Avoid LITFULO in patients who may be at increased risk of thrombosis. If symptoms of thrombosis or embolism occur, patients should interrupt LITFULO and be evaluated promptly and treated appropriately.

CONTRAINDICATION
LITFULO is contraindicated in patients with known hypersensitivity to ritlecitinib or any of its excipients.

HYPERSENSITIVITY
Serious reactions, including anaphylactic reactions, urticaria, and rash have been observed in patients receiving LITFULO in clinical trials. If a clinically significant hypersensitivity reaction occurs, discontinue LITFULO and institute appropriate therapy.

LABORATORY ABNORMALITIES
Treatment with LITFULO was associated with decreases in lymphocytes and platelets. Prior to LITFULO initiation, perform absolute lymphocyte count (ALC) and platelet count. After initiating treatment with LITFULO, treatment interruption or discontinuation is recommended based on ALC and platelet count abnormalities.

Liver Enzyme Elevations: Treatment with LITFULO was associated with increased incidence of liver enzyme elevation compared to placebo. Increases of alanine transaminase (ALT) and aspartate aminotransferase (AST) ≥5 times the upper limit of normal were observed in patients in LITFULO clinical trials. Evaluate at baseline and thereafter according to routine patient management. If increases in ALT or AST are observed and drug-induced liver injury is suspected, interrupt LITFULO until this diagnosis is excluded.

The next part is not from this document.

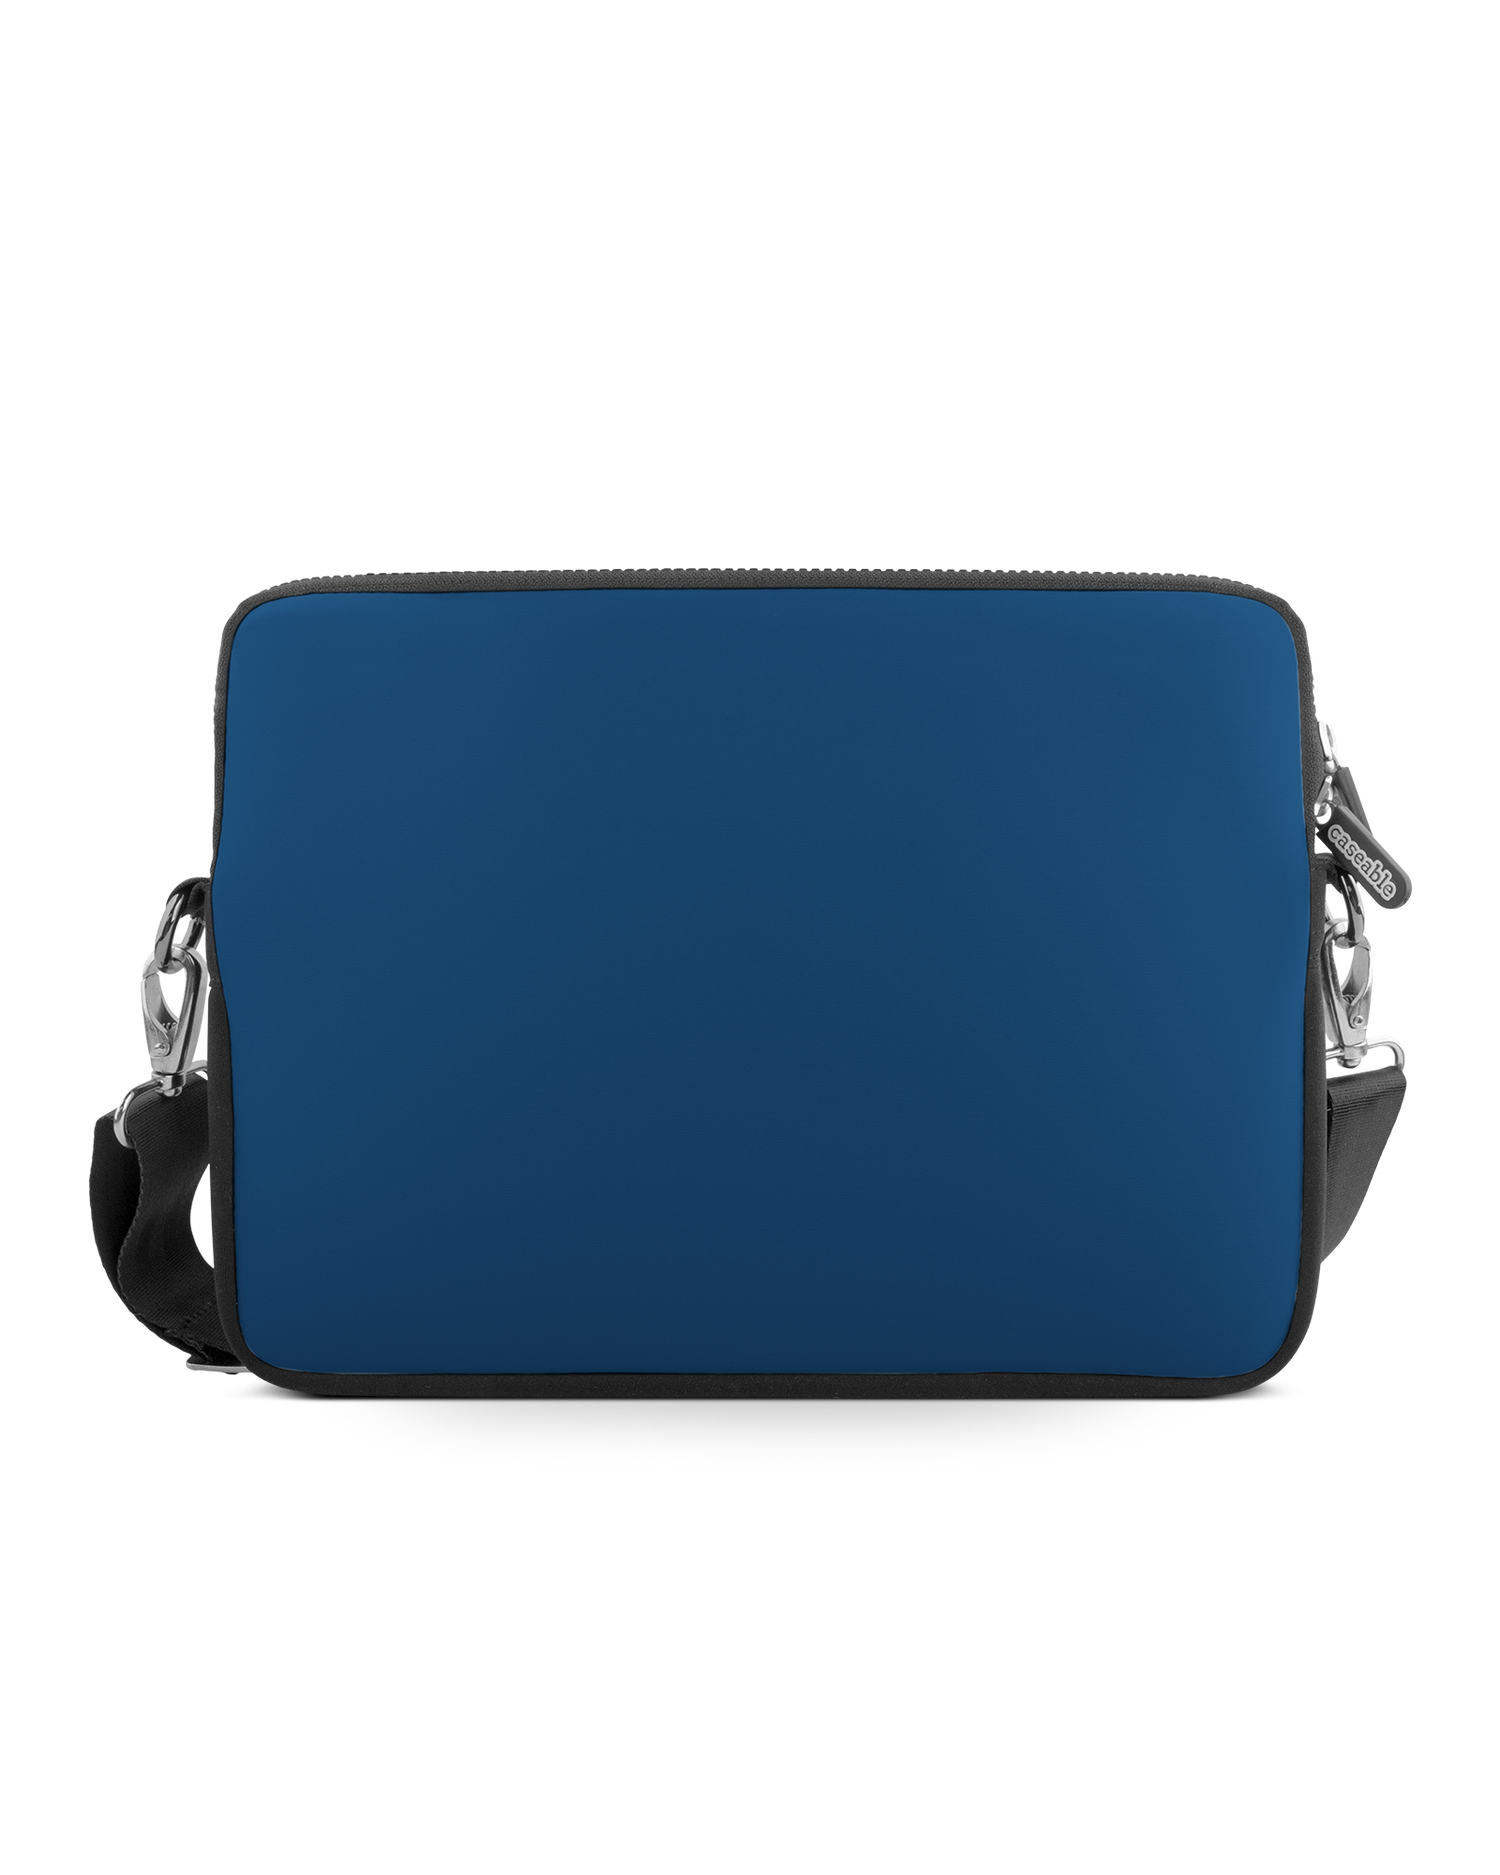 CLASSIC BLUE Premium Laptoptasche 17 Zoll: Vorderansicht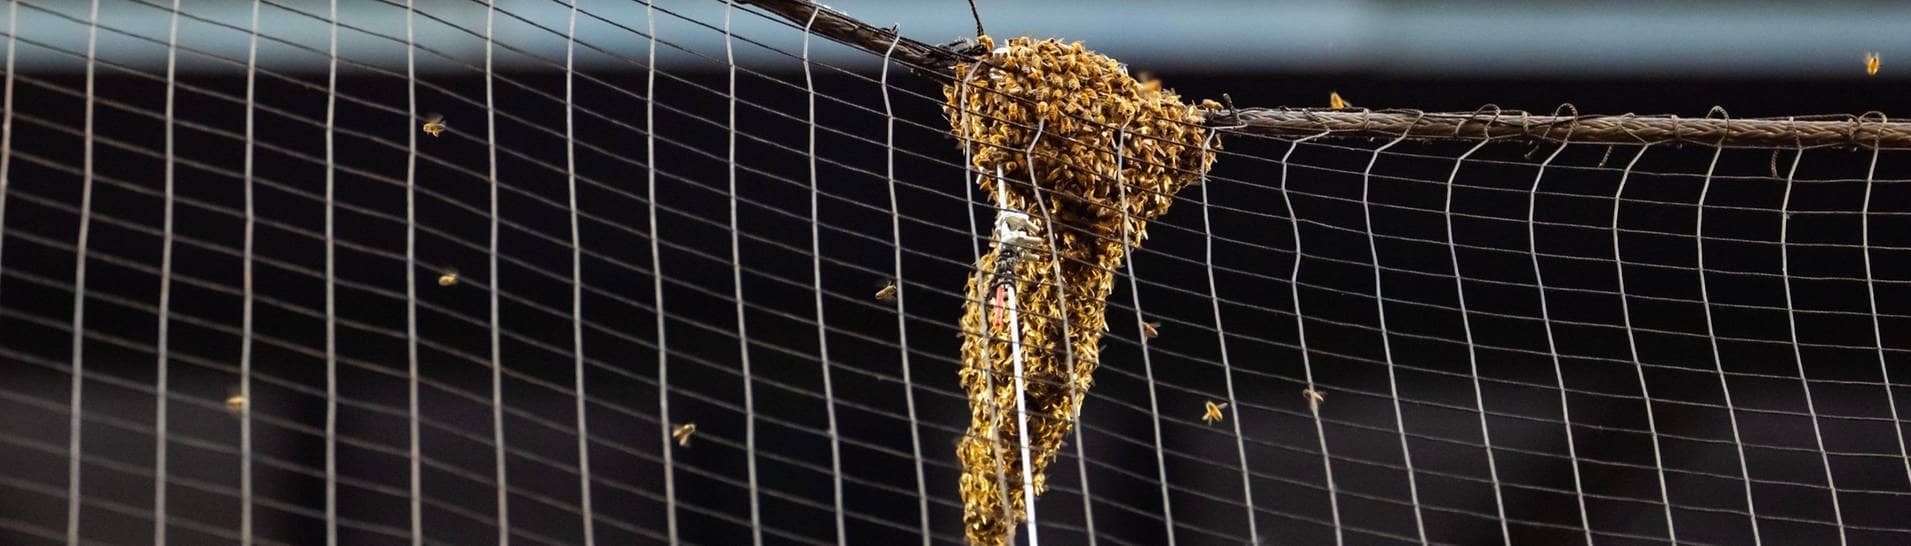 Ein Bienenschwarm hängt auf einer Leine eines Sicherheitsnetztes auf dem Baseballfeld der Arizona Diamondbacks beim Spiel gegen die LA Dodgers.

Creatine Phosphokinase (CPK) Elevations: Treatment with LITFULO was associated with increased incidence of CPK elevation compared to placebo.

VACCINATIONS
No data are available on the response to vaccination in patients receiving LITFULO. Use of live attenuated vaccines should be avoided during or shortly prior to initiating treatment. Prior to initiating LITFULO, it is recommended that patients be brought up to date with all immunizations, including prophylactic herpes zoster vaccinations, in agreement with current immunization guidelines.

HEPATIC IMPAIRMENT
LITFULO is not recommended in patients with severe hepatic impairment.

ADVERSE REACTIONS
Most common adverse reactions (incidence ≥1%) are headache, diarrhea, acne, rash, urticaria, folliculitis, pyrexia, atopic dermatitis, dizziness, blood creatine phosphokinase increased, herpes zoster, red blood cell count decreased, and stomatitis.

DRUG INTERACTIONS
LITFULO can increase plasma concentrations of CYP3A and CYP1A2 substrates. Consider additional monitoring and dose adjustment of CYP3A and CYP1A2 substrates where small concentration changes may lead to serious adverse reactions when used with LITFULO.

Coadministration with strong inducers of CYP3A is not recommended.

USE IN PREGNANCY
Available clinical trial data on LITFULO use in pregnant women are insufficient to identify a drug-associated risk from major birth defects, miscarriage or other adverse maternal or fetal outcomes. Advise pregnant females and females of reproductive potential to inform their healthcare providers if they are pregnant or intend to become pregnant during treatment with LITFULO.

If a patient becomes pregnant while receiving LITFULO, healthcare providers should report LITFULO exposure by calling 1-877-390-2940.

LACTATION
Advise women not to breastfeed during treatment with LITFULO and for 14 hours after the last dose.

Please see full Prescribing Information, including BOXED WARNING and Medication Guide.IndicationLITFULO is a kinase inhibitor indicated for the treatment of severe alopecia areata in adults and adolescents 12 years and older.



Limitations of Use: Not recommended for use in combination with other JAK inhibitors, biologic immunomodulators, cyclosporine or other potent immunosuppressants.